Examples 1 to 38 exhibited good foaming power. In Example 7, many panelists evaluated as “bulky” compared to other Examples, and exhibited more excellent foaming properties.

  The table description method will be explained. For the components whose product name is described as “Mercoat XX” in the parentheses, the blending amount of the component is described in the table. For example, regarding Marcoat 100, the blending amount of “polydimethyldimethylmethylenepiperidinium chloride” is shown in the table in mass%. The brackets on the right side of the higher alcohol indicate the carbon number of the higher alcohol. The brackets following the nonionic surfactant POE indicate the polymerization number of the POE. “28% ammonia” represents 28% ammonia water. Ammonia water and hydrogen peroxide water are% (w / w).

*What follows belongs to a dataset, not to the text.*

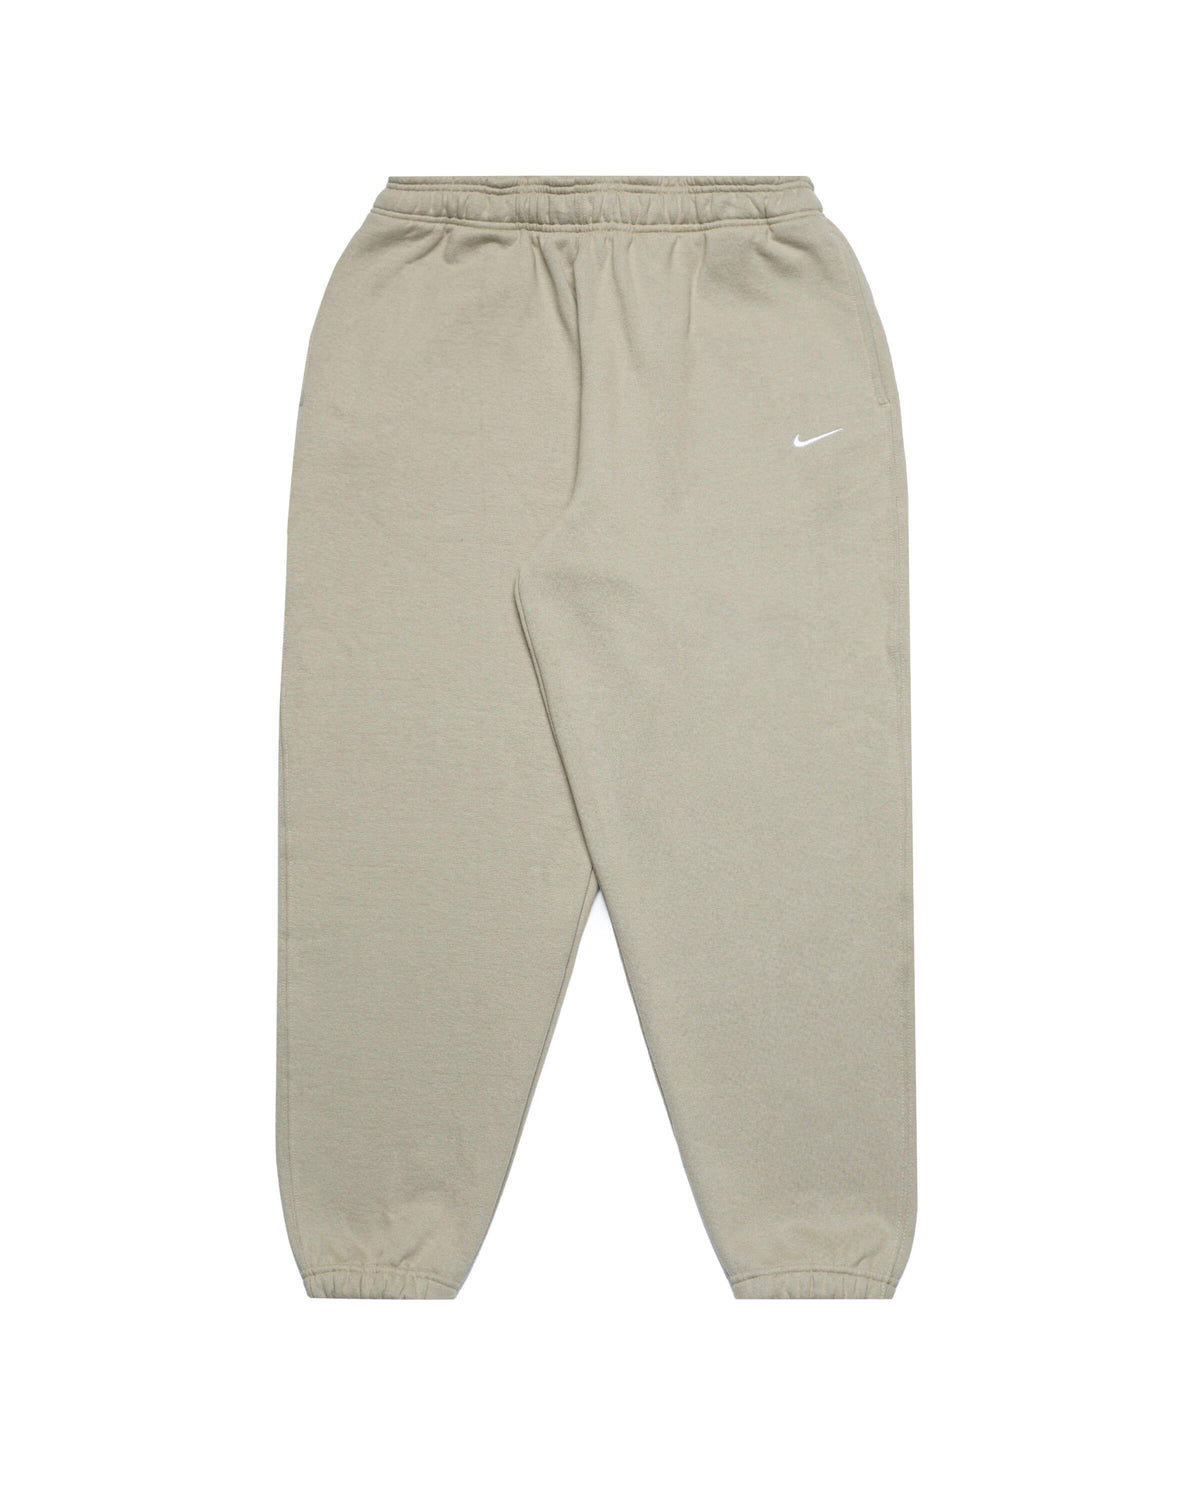 Nike NRG "Made in the USA" Fleece Pants
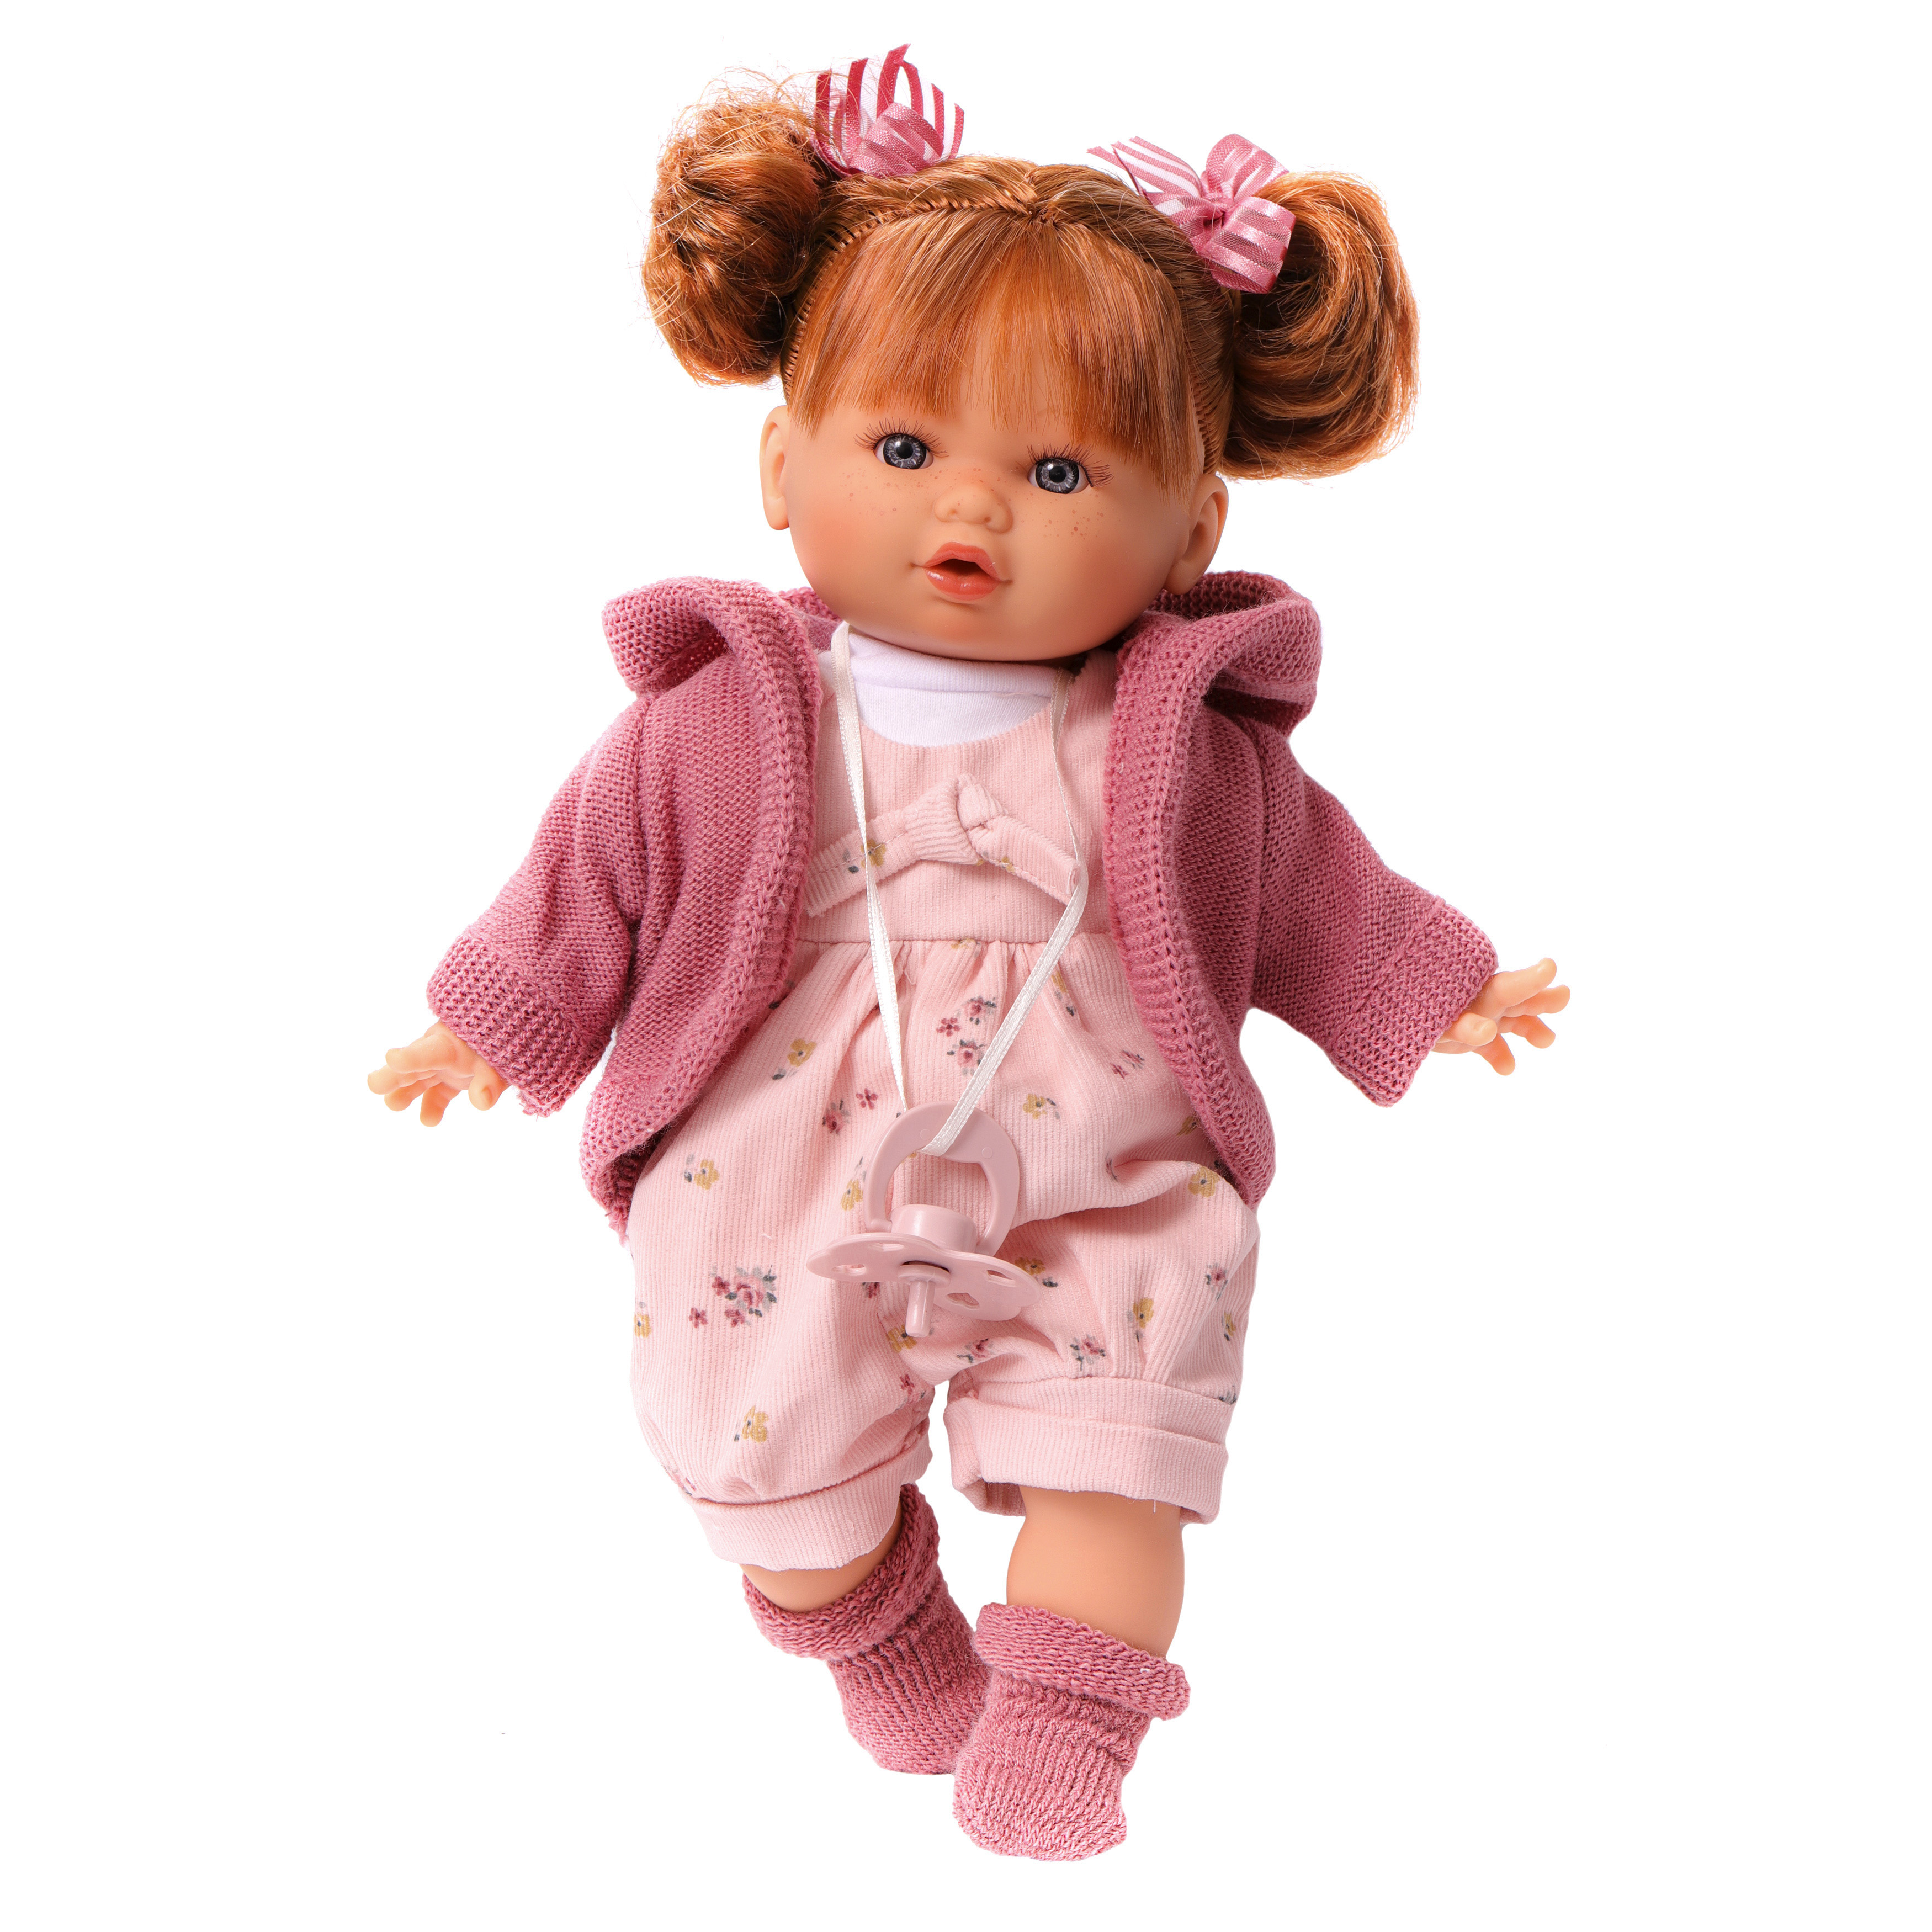 Кукла говорящая Antonio Juan Оливия в розовом, 30 см, плачет, мягконабивная 13144 кукла пупс antonio juan глаша в сумочке переноске 21 см виниловая испанская 85211

The ratio of stock solution to propellant is a mass ratio. “Amphoteric polymer / cationic polymer” means the mass ratio of amphoteric polymer to cationic polymer. “Polymer amount” means the total amount of amphoteric polymer and cationic polymer in the first agent.

[Table 1]

[Table 2]

[Table 3]

[Table 4]

[Table 5]

[Table 6]

  In addition to the amphoteric polymer, a cationic polymer is further blended to provide an aerosol foam oxidation hair dye composition having excellent emulsion stability, viscosity stability, and leveling property.

Claims (4)

An aerosol foam oxidation hair dye composition having a viscosity of 2000 mPa · s or less, containing 0.01 to 1% by mass of an amphoteric polymer and a cationic polymer, respectively, and ejected during use. The aerosol type foamy oxidative hair dye composition according to claim 1, wherein a mass ratio of the amphoteric polymer to the cationic polymer is amphoteric polymer / cationic polymer = 0.1-20. The aerosol-type foamy oxidative hair dye composition of Claim 1 or Claim 2 which further mix | blends the 1 type (s) or 2 or more types chosen from the resorcin inclusion body by resorcin and saccharides. 4. The aerosol-type foamy oxidative hair dye composition according to claim 3, wherein the amount of one or more selected from the resorcin inclusion body by resorcin and saccharide is 0.2 to 1.0% by mass.